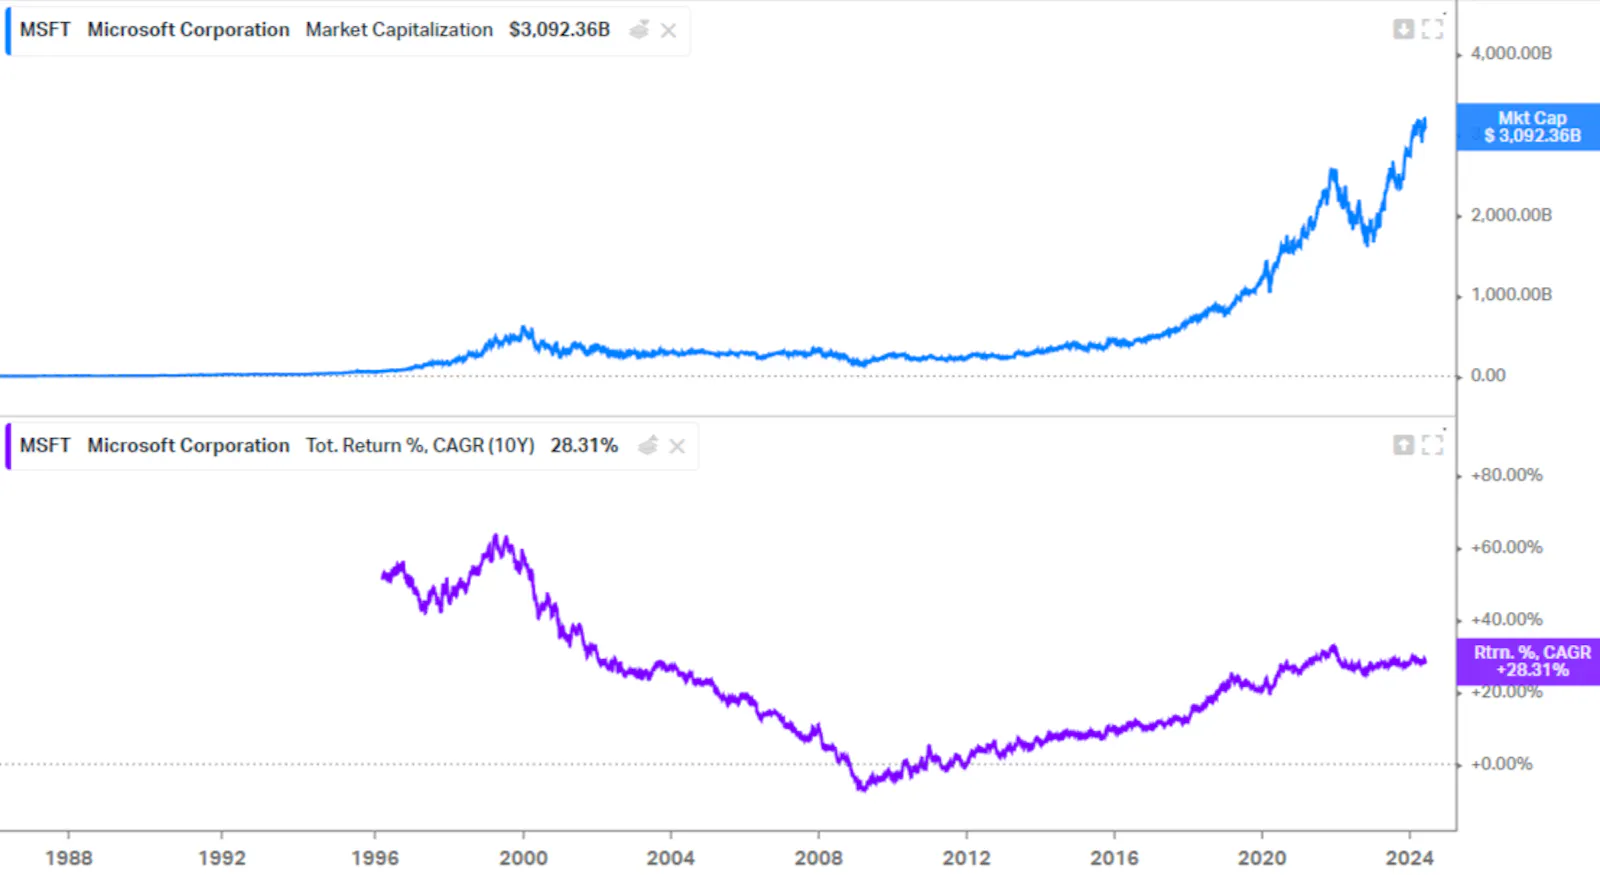 MSFT
Microsoft Corporation
Market Capitalization
$
3,092.36B
and MSFT
Microsoft Corporation
Tot. Return %, CAGR (10Y)
40 years chart
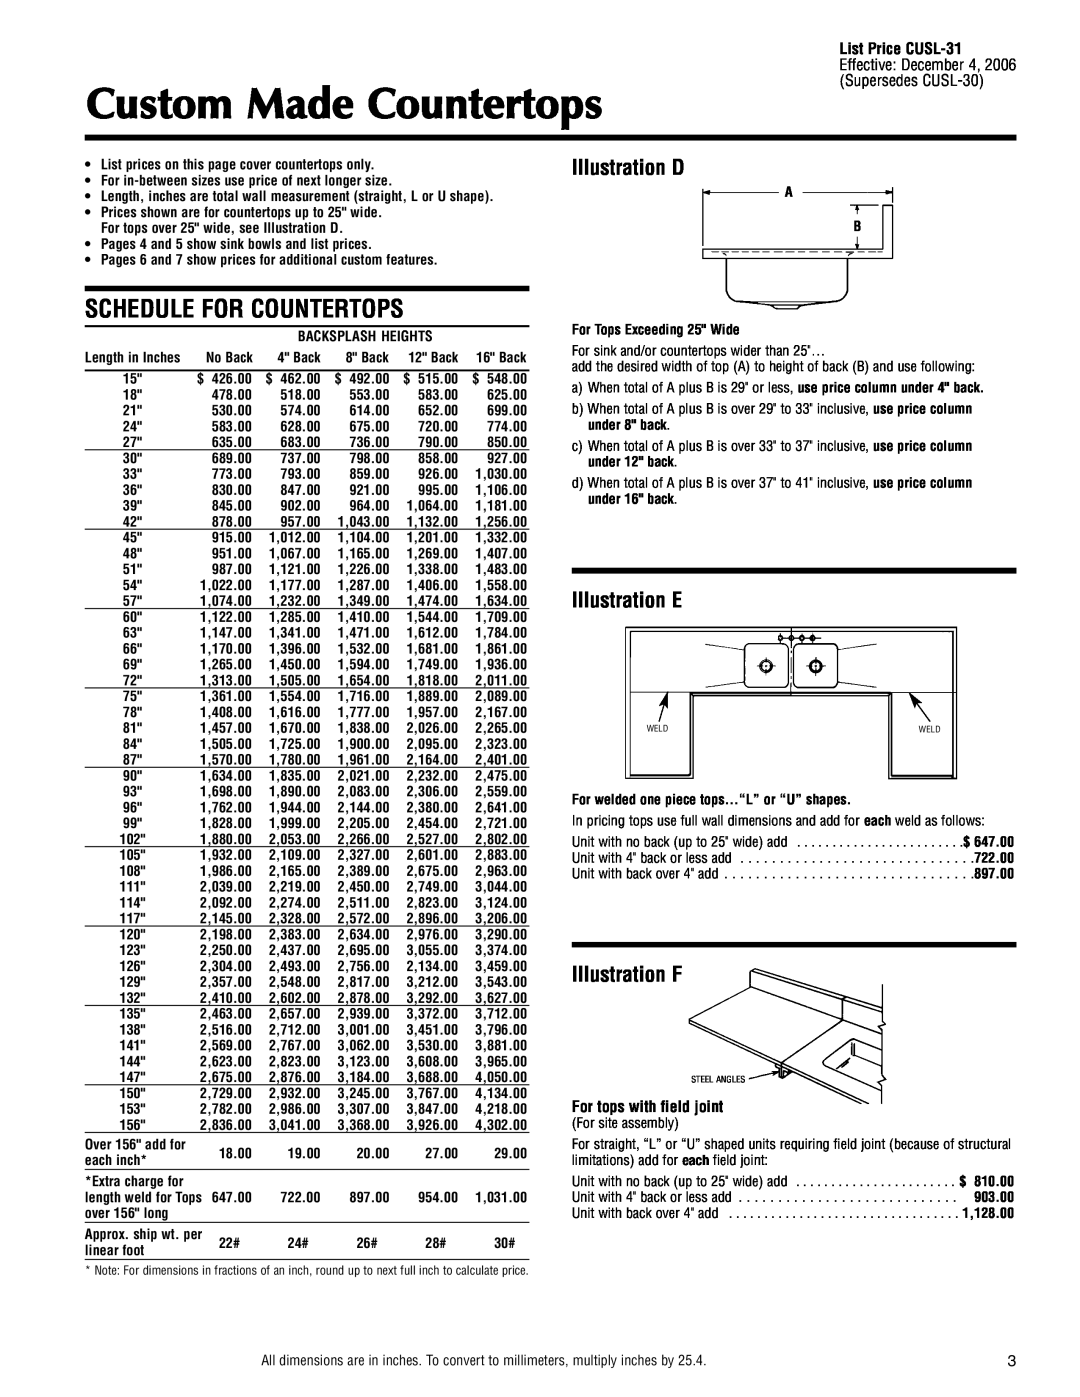 Elkay CUSL-31 Custom Made Countertops, Schedule For Countertops, Illustration D, Illustration E, Illustration F 
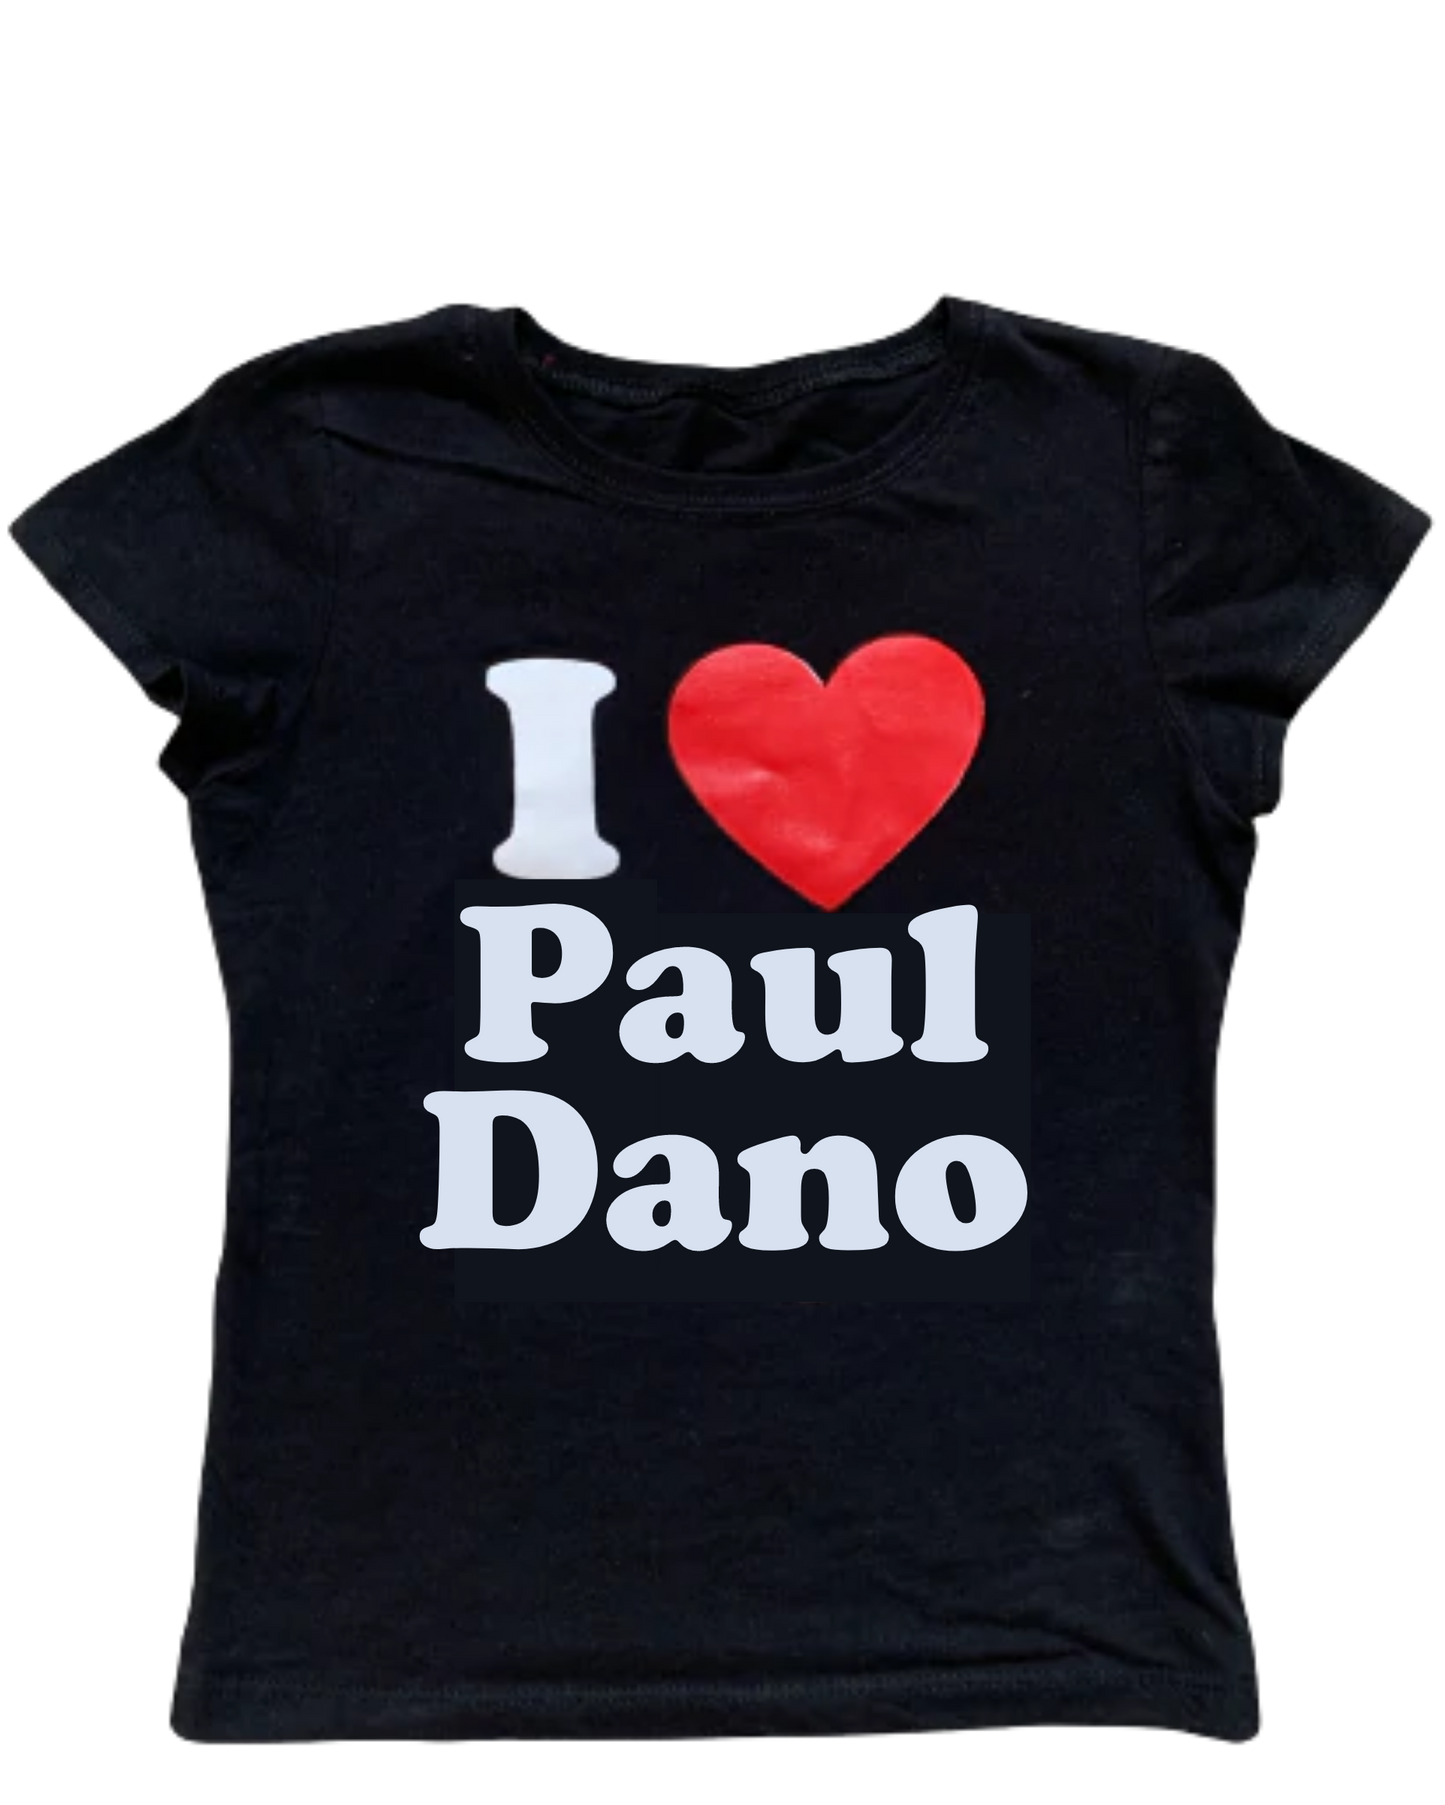 I HEART PAUL DANO

Task details ::
Each entry should come back exactly as written, with its pictures omitted.

Answer to this problem ::
 MSFT
Microsoft Corporation
Market Capitalization
$
3,092.36B
and MSFT
Microsoft Corporation
Tot. Return %, CAGR (10Y)
40 years chart
 Elkay CUSL-31 Custom Made Countertops, Schedule For Countertops, Illustration D, Illustration E, Illustration F 
 I HEART PAUL DANO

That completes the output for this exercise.